Frederick Taylor was a 19th century industrial reformer working at the University of Pennsylvania. He was interested in developing a theory of "scientific management" that could get more production out of existing workforces and physical plants through efficiency increases. Taylor basically figured out that you could break down the process of making, say, a widget, into discrete physical steps. Furthermore, you could, at least in theory, find the most efficient possible motions for completing each physical step. Once you had that, you were supposed to retrain your workers to perform those steps in that exact way, and viola, big boost to efficiency. And it worked--sorta. Turns out, humans hate truly mindless work. In Taylor's defense, he understood this and advocated better pay and working conditions for workers in compensation. This wasn't just out of the goodness of his heart; he realized that if you didn't try to make workers happier, all your production efficiencies would be lost to strikes, turnover, and sabotage. Which is exactly what happened; the response to Taylorism was the explosive growth of the union movement in the early 20th century.

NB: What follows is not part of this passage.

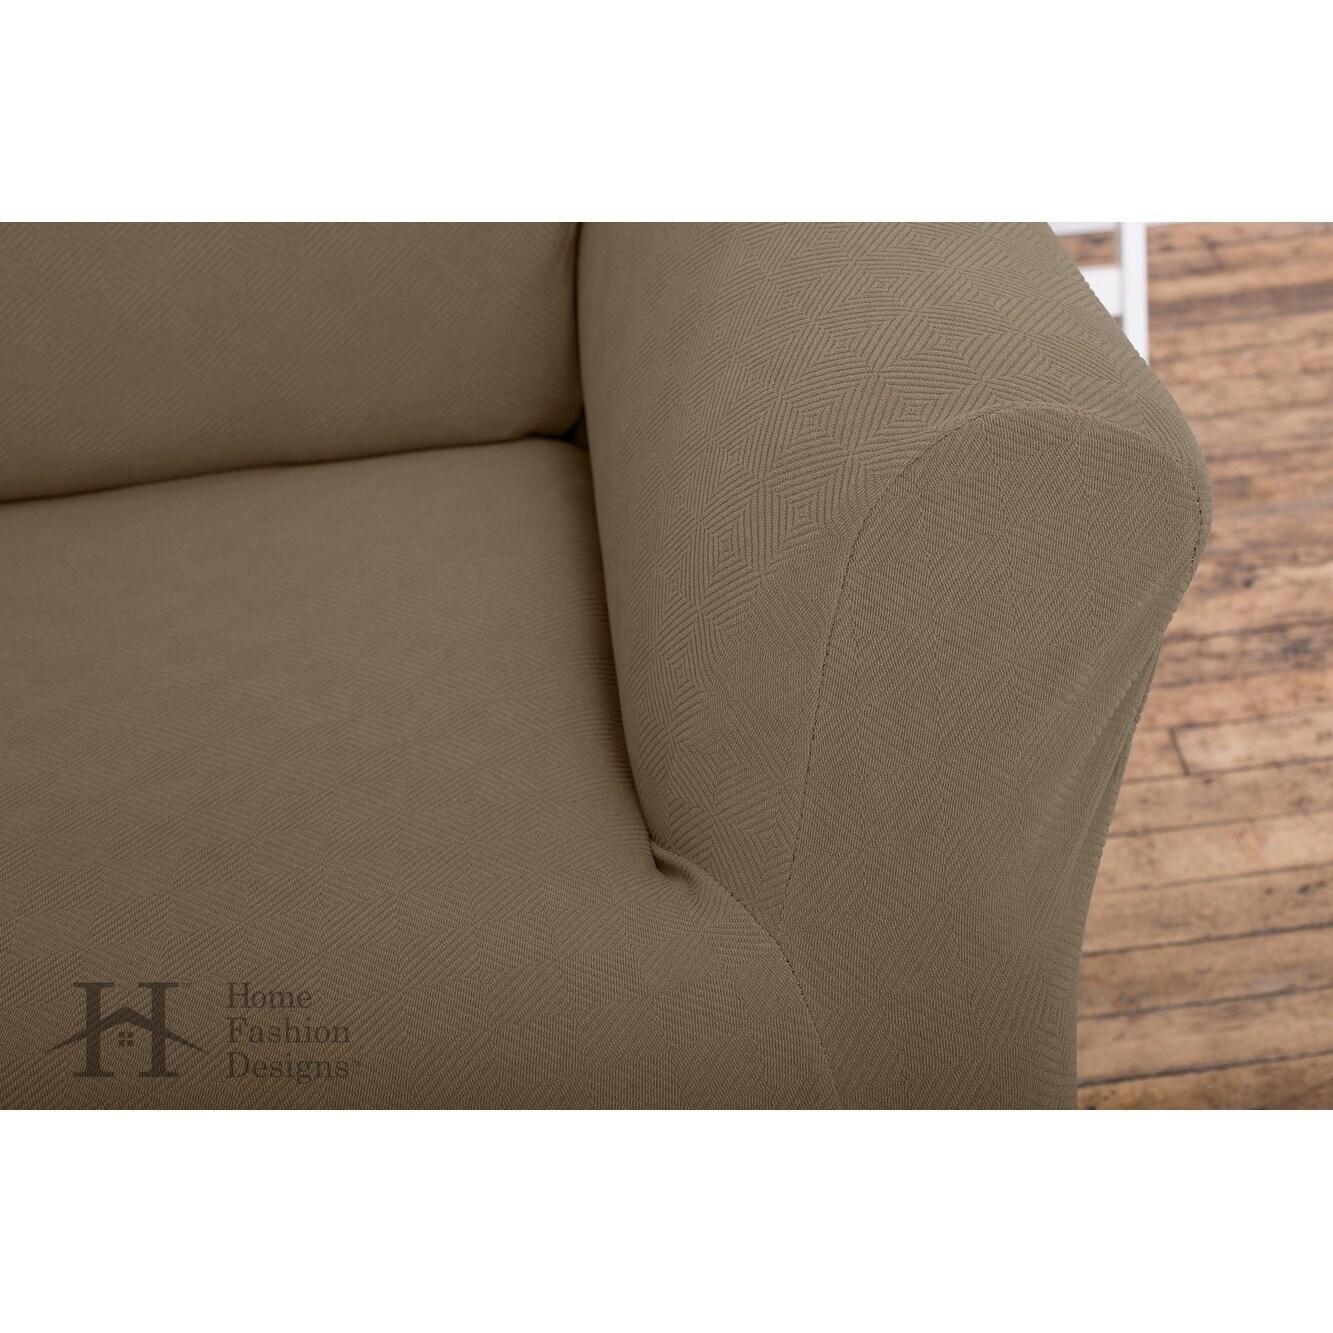 Cambria Collection Heavyweight Stretch Sofa Slipcover

It finally settled down in the 1930s into pretty much the arrangement we have today; assembly line workers do mindless, draining robot work (when actual robots aren't doing it) in exchange for pay and benefits significantly above average for that skill and education level (retail work requires far more problem solving than working on an assembly line, but retail workers are almost universally paid minimum wage).
In the meantime, around the same time, someone got the bright idea that if Taylorism works for widget factories, then it should work for schools, too.
The idea was that if you broke down teaching into discrete steps, and then identified the most efficient way to carry them out, and then trained teachers to carry them out exactly that way, you could educate students more efficiently. As much as possible, teaching is supposed to be robotic; all actual decision-making power is in the hands of the administration. And I mean all of it--even things like the thermostat setting are, under most school districts' charters, entirely in the hands of the front office. This necessarily produces a one-size-fits-all curriculum; the curriculum is written by experts in the central office, either at the district or state level, and the teachers teach it exactly the way they're instructed. This is literally still in effect--I've seen 180 day lesson plans assigned to teachers before the school year starts, with all classroom activities, homework assignments, and exams already written up. They're designed, unsurprisingly, according to the state standardized tests. People talk about teachers "teaching to the test" as if that's an unforeseen consequence of high-stakes standardized testing, when really, it's a designed outcome. The tests are written based on what whoever wrote it thinks is an appropriate curriculum for that subject and grade level. People defend the tests with the argument, "Oh, well, they just test what they think is a grade-appropriate level of knowledge for that subject; the teachers can get there any way they want", but that's not how they're written, and, anyway, hardly anybody can agree on what a student should know at any given age anyway. Even talking about "a student" is nonsense; students have wildly varying levels of ability and interest.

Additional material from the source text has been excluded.